Managing power consumption and power dissipation of server systems is a major issue for the server industry, particularly due to increasing energy costs and environmental hazards associated with energy consumption. Due to the need to support short-duration, higher-demand periods, many data centers deploy over-configured or higher-performance server systems. Many data centers are therefore underutilized much of the time and operate at much lower performance demands than those for which they are configured. Many data centers also deploy over-configured or higher-performance server systems to simplify procurement and deployment logistics by using a common higher-performance server configuration.
One particular type of system that can benefit from power savings includes large collections of similar devices such as server “farms.” Server farms can include tens, hundreds, thousands or more separate computer systems, or servers. The servers are usually interconnected by a common network and are provided with centralized control or management.
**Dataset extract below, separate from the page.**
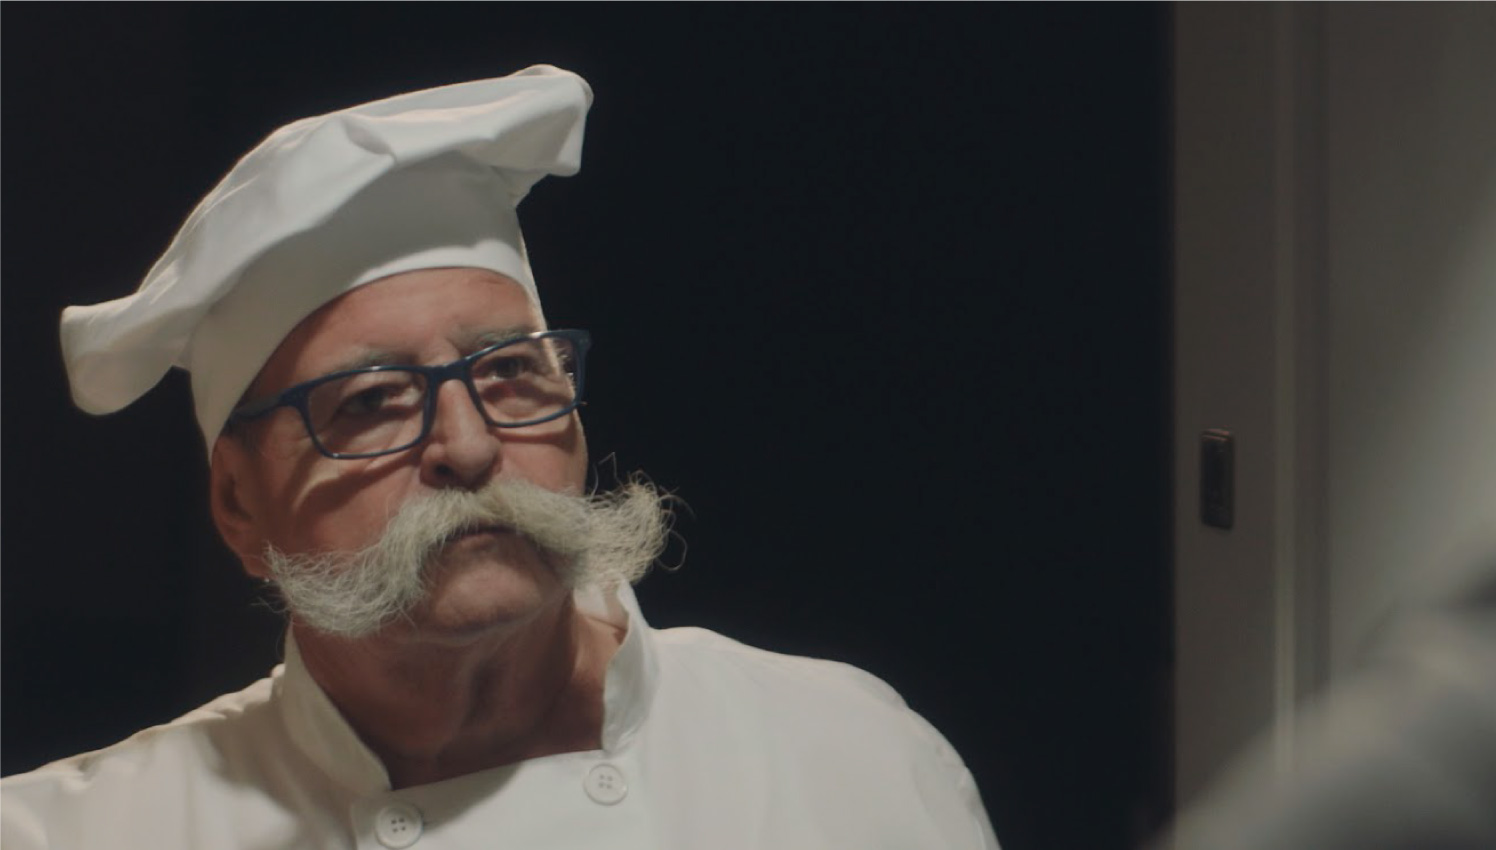 Un chef con sombrero de cocinero, bigote blanco y grande, observa con seriedad

Some specific trends have recently emerged in enterprise data center. Users are moving to form factors that focus on higher density of functionality—such as dense computing, dense storage and/or dense input/output (IO). Increasingly, chassis tend to have multiple server nodes, or IO nodes or storage controller nodes. These nodes are either general compute nodes or targeted for specific workloads such as storage, machine learning, artificial intelligence or big data. The nodes may be equipped with general purpose CPU's, such as Intel x86 CPUs, or special purpose field-programmable gate arrays (FPGA) for machine learning or artificial intelligence, or with non-volatile memory for in-memory big data solutions.
Power management on a chassis with multiple compute nodes is more complicated than on a chassis with single compute nodes. This is especially true for special purpose chassis systems like storage servers (example UCS C3260). Such special purpose chassis can be optimized for specific types of workloads, and power management solutions have to cognizant of this factor when making algorithmic decisions for power management. The algorithms have to be sensitive to workload types as well as the underlying node level and chassis level architecture for the workflow of the load. For example, a chassis designed to have multiple plug-in FPGA cards, designed for machine learning workloads, may not show a high CPU workload. Yet, such a chassis will draw a significant amount of power and will require power management. In some cases, the entities drawing the bulk of the power may not even have intrinsic power management capabilities. In such cases, the chassis level algorithm may be configured to incorporate these elements into an overall feedback loop.
In these systems, the nodes may or may not behave independently. This is different from a standard blade server system, where multiple compute nodes inhabit the same chassis with the point of sharing the same infrastructure, such as fans and power, without having the intent of forming any logical functional block using the underlying hardware. In a special purpose chassis system, like a storage server, this is not true. Apart from sharing common infrastructure such as power and cooling, they also share access to storage and input/output (IO) blocks. This means, they can either operate as independent nodes or as combined nodes, sharing the workload and IO using some mutually agreed algorithm, either in shared or failover mode.
The nature of such a special purpose chassis means that any kind of power management solution needs to incorporate this inherent complexity in its design. The power management solution needs to understand the way workloads can be impacted due to the power management implementation.